Negociadores palestinos ouvidos pelo portal afirmam que aceitar a presença da GHF nos termos propostos equivaleria a legitimar os assassinatos em curso.
“Esse mecanismo não tem legitimidade. Para aceitar isso, teríamos que aceitar as mortes nas filas de comida”, disse uma das fontes envolvidas nas conversas.
Israel propõe manter ocupação em Rafah e construir “cidade humanitária”
O impasse nas negociações se aprofunda diante da proposta israelense de manter cerca de 40% da Faixa de Gaza sob controle militar durante a trégua — incluindo toda a região sul de Rafah, além de zonas no norte e leste do território.
O plano, segundo as fontes palestinas, inviabiliza o retorno de milhares de famílias deslocadas.
A permanência das tropas permitiria, ainda, a execução do plano anunciado pelo ministro da Defesa de Israel, Israel Katz, de construir uma “cidade humanitária” sobre as ruínas de Rafah.
O projeto prevê a transferência de até 600 mil pessoas para campos de tendas, com possível expulsão posterior para fora de Gaza. Negociadores palestinos classificam o plano como um campo de concentração moderno disfarçado de ajuda.

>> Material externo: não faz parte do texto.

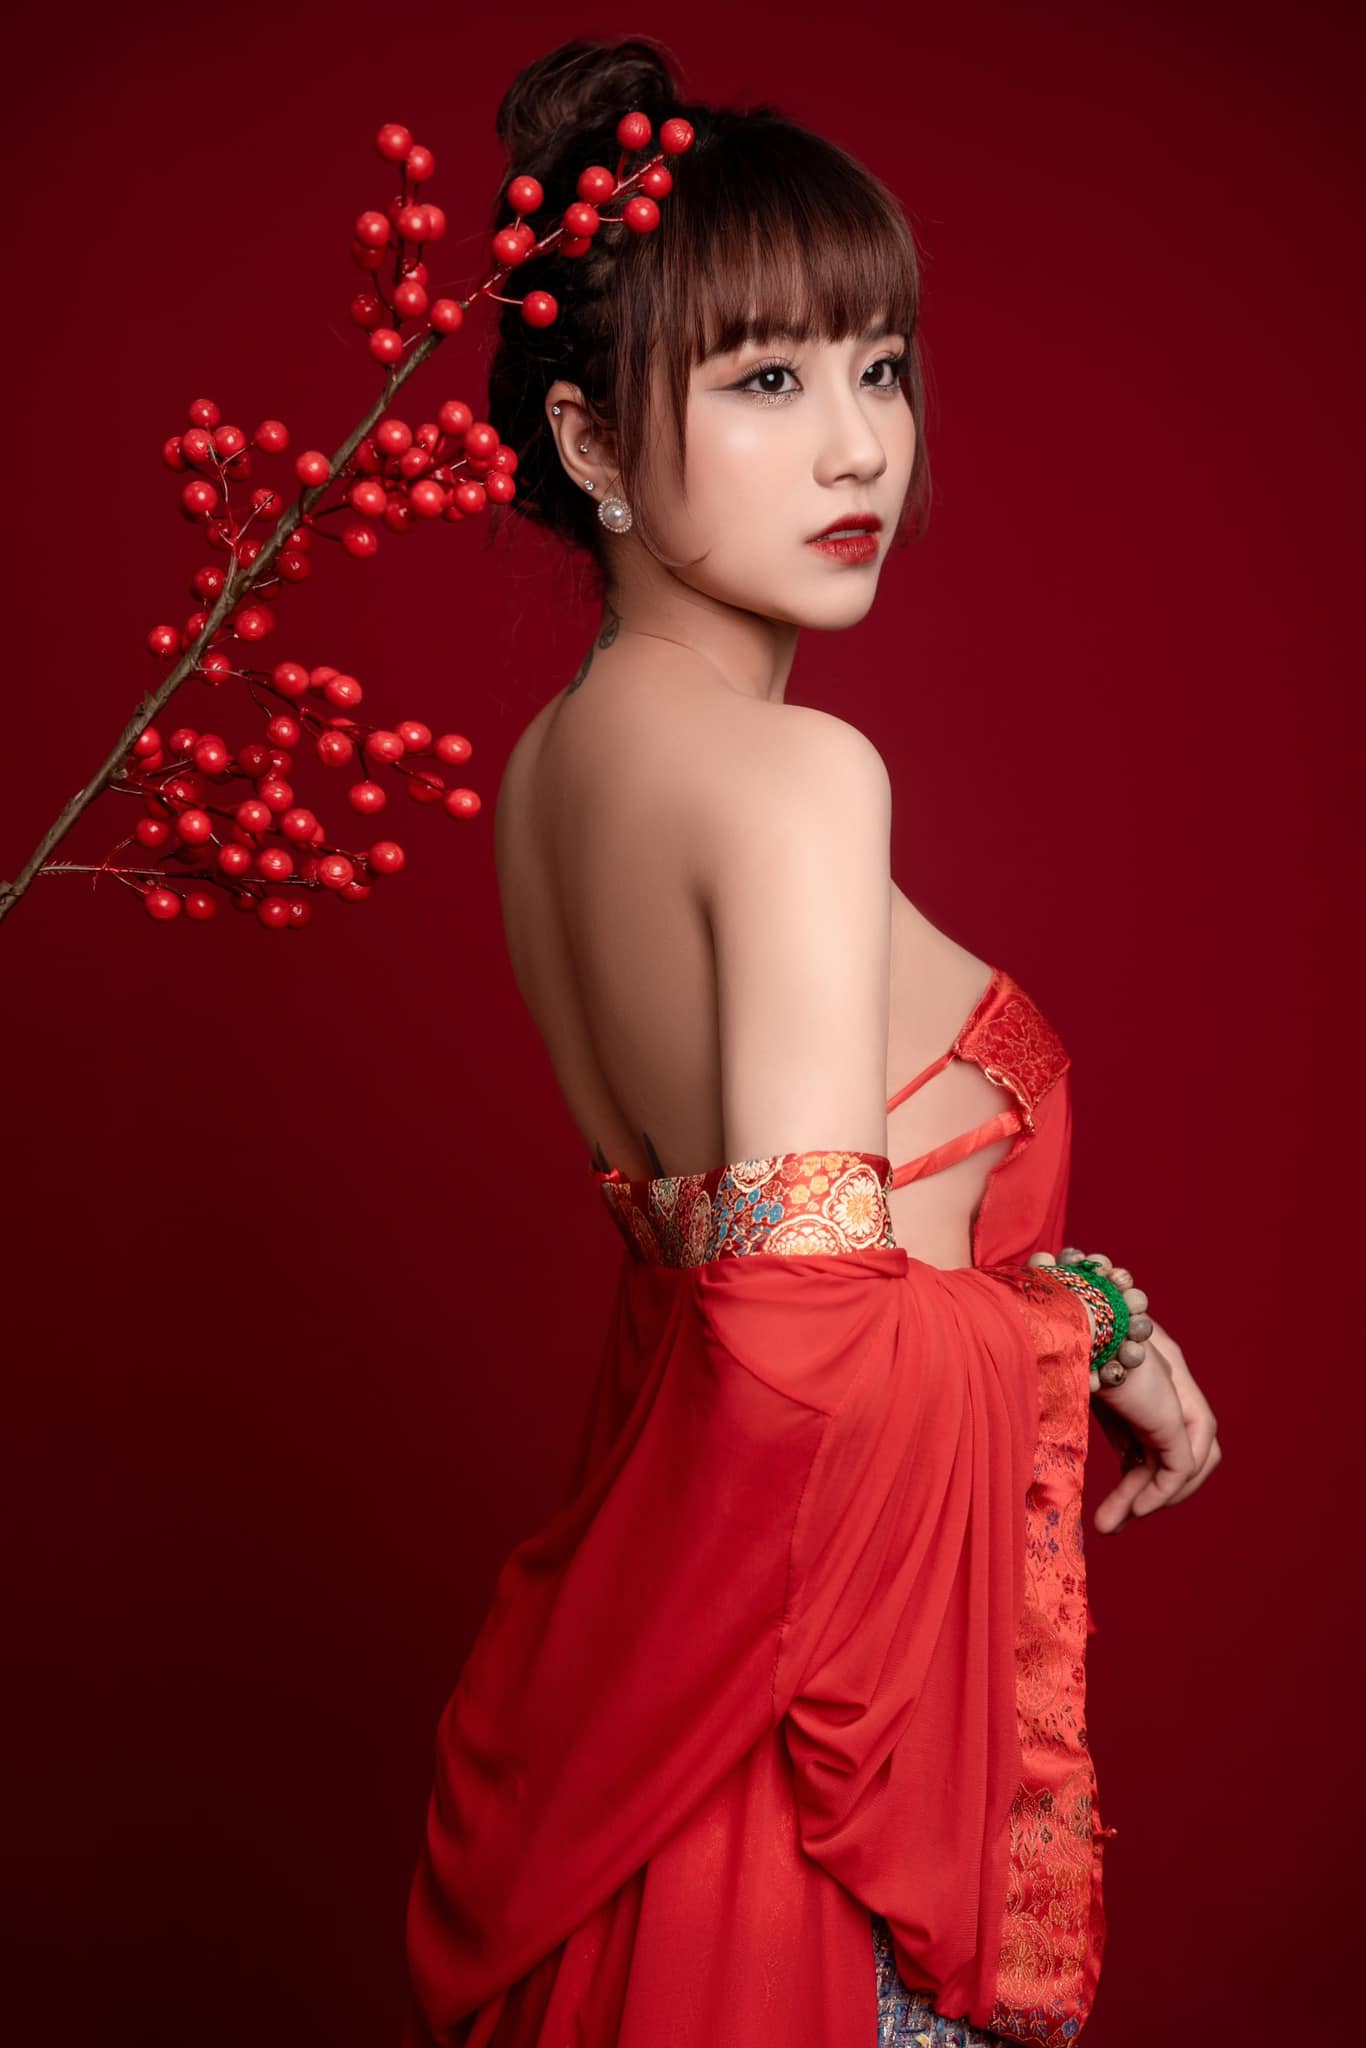 Linh Miu phủ nhận nghi vấn là nhân vật chính trong clip nhạy cảm.

“O objetivo é empurrar a população para fora de Gaza, criando zonas controladas militarmente onde as pessoas perdem o direito de voltar”, afirma uma fonte próxima às tratativas em Doha.
Exigências contraditórias bloqueiam acordo: “Não é paz, é rendição”
O colapso da negociação também reflete exigências irreconciliáveis entre as partes. Israel insiste que o fim da guerra só ocorrerá após a libertação de todos os reféns e o desmantelamento total do Hamas — tanto militar quanto politicamente. Já os negociadores palestinos defendem que o cessar-fogo de 60 dias seja o ponto de partida para uma trégua definitiva.
Segundo eles, aceitar a proposta israelense atual equivaleria a autorizar uma limpeza étnica completa. “Se aceitarmos a desmilitarização, permitiremos que Israel expulse toda a população de Gaza”, disse uma das fontes.
A delegação palestina afirma ter entrado nas negociações com disposição para libertar 10 reféns vivos, mas considera que o governo Netanyahu atua deliberadamente para sabotar o acordo.
Para especialistas ouvidos pela imprensa internacional, o bloqueio diplomático reflete uma estratégia israelense de usar o sofrimento da população como instrumento de pressão. Em vez de trégua, os civis palestinos seguem morrendo em massa, seja sob bombas, seja ao buscar comida.